Task to complete →
Look below for the line containing "Metal: 14k yellow gold." and the line containing "Brand new unisex"; repeat exactly those two lines and all lines between them, and nothing else.

Information shown →
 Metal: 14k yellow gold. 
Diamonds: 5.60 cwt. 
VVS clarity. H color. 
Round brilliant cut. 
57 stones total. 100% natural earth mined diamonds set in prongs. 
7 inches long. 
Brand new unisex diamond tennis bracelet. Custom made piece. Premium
--
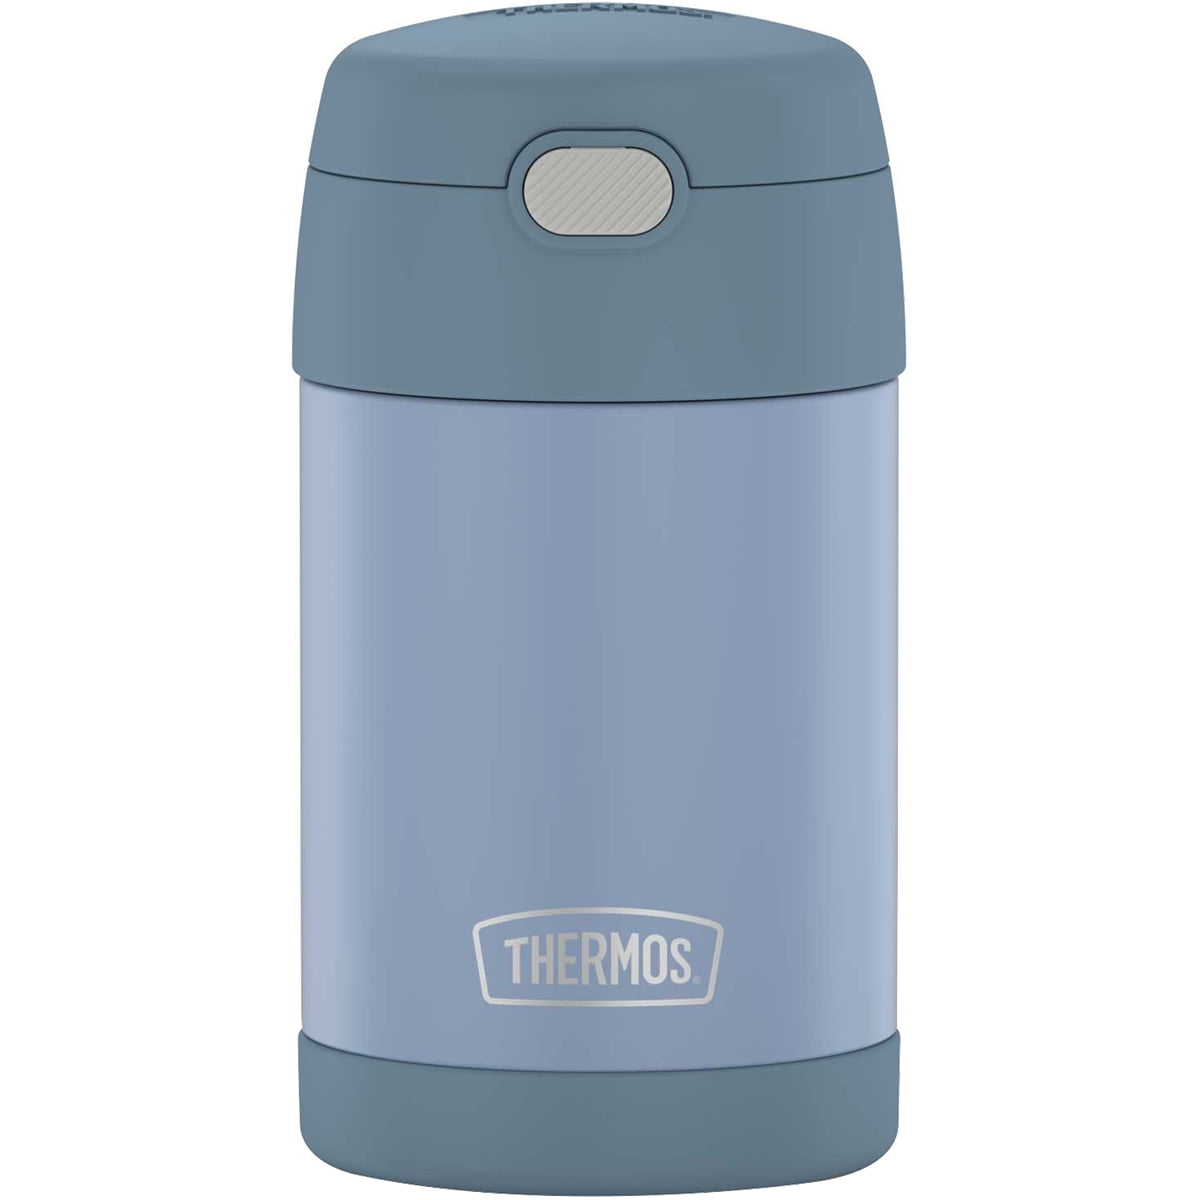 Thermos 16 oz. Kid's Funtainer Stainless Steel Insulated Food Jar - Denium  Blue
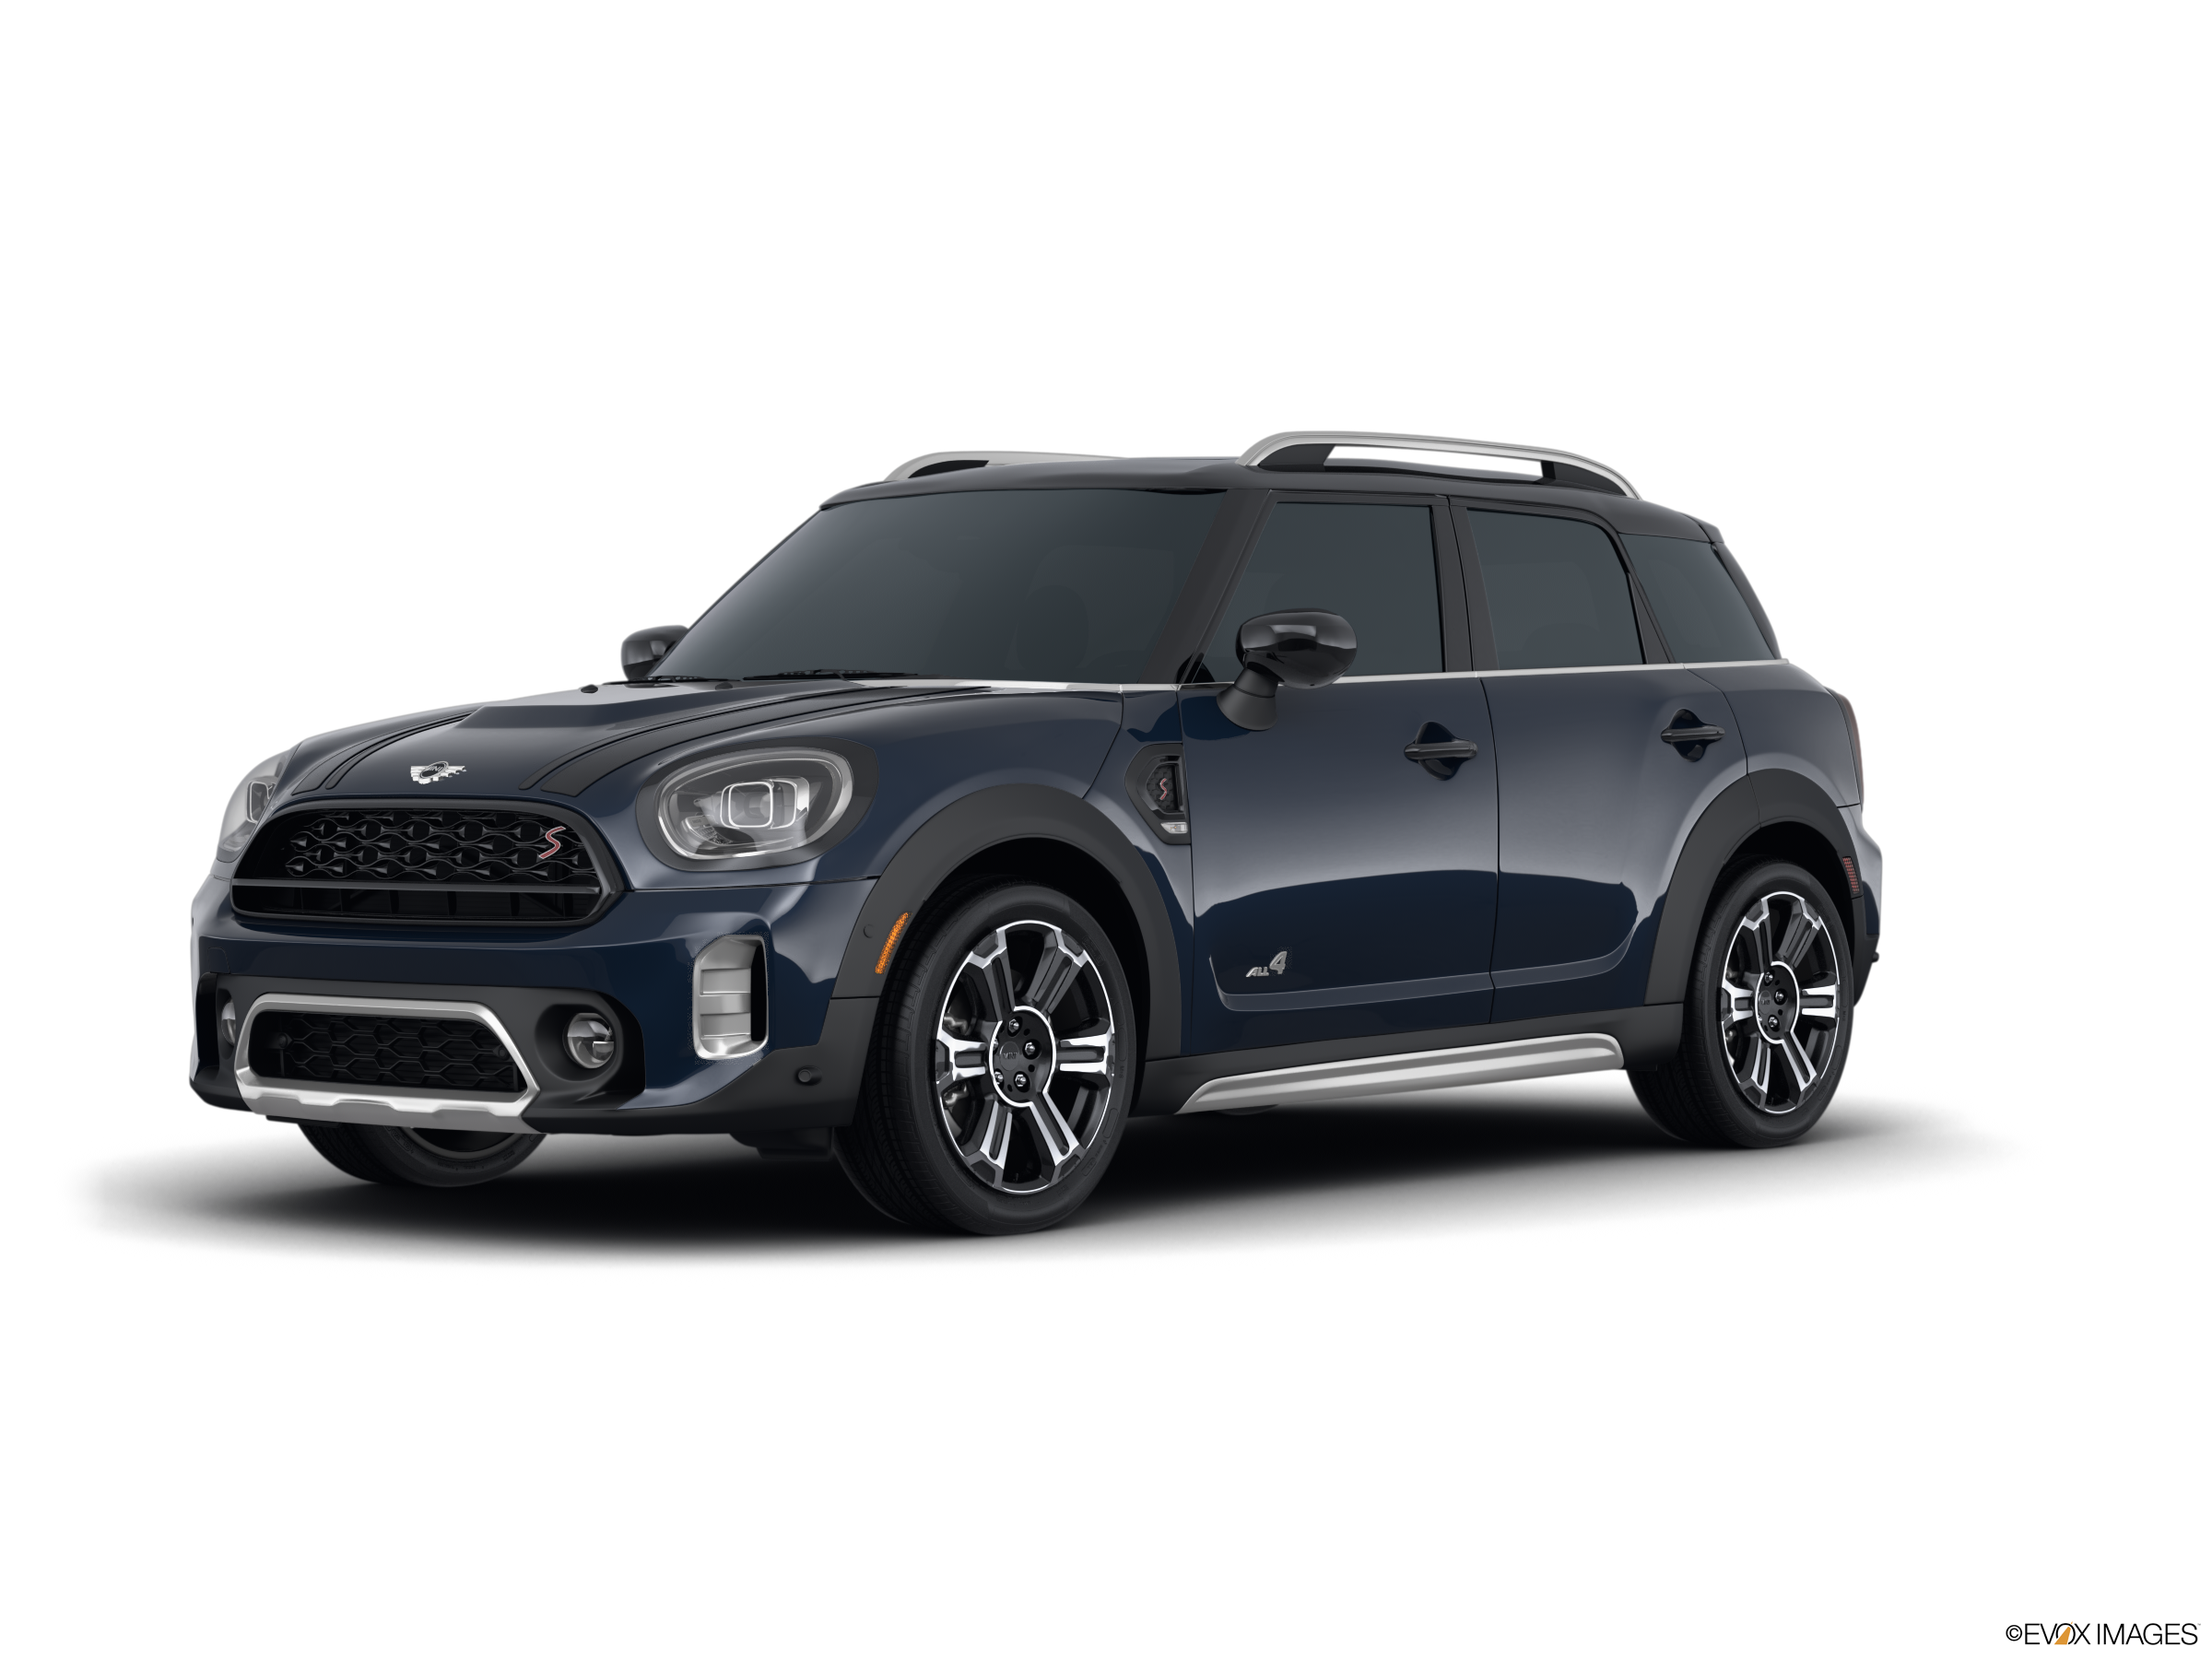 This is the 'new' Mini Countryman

Answer below →
 Metal: 14k yellow gold. 
Diamonds: 5.60 cwt. 
VVS clarity. H color. 
Round brilliant cut. 
57 stones total. 100% natural earth mined diamonds set in prongs. 
7 inches long. 
Brand new unisex diamond tennis bracelet. Custom made piece. Premium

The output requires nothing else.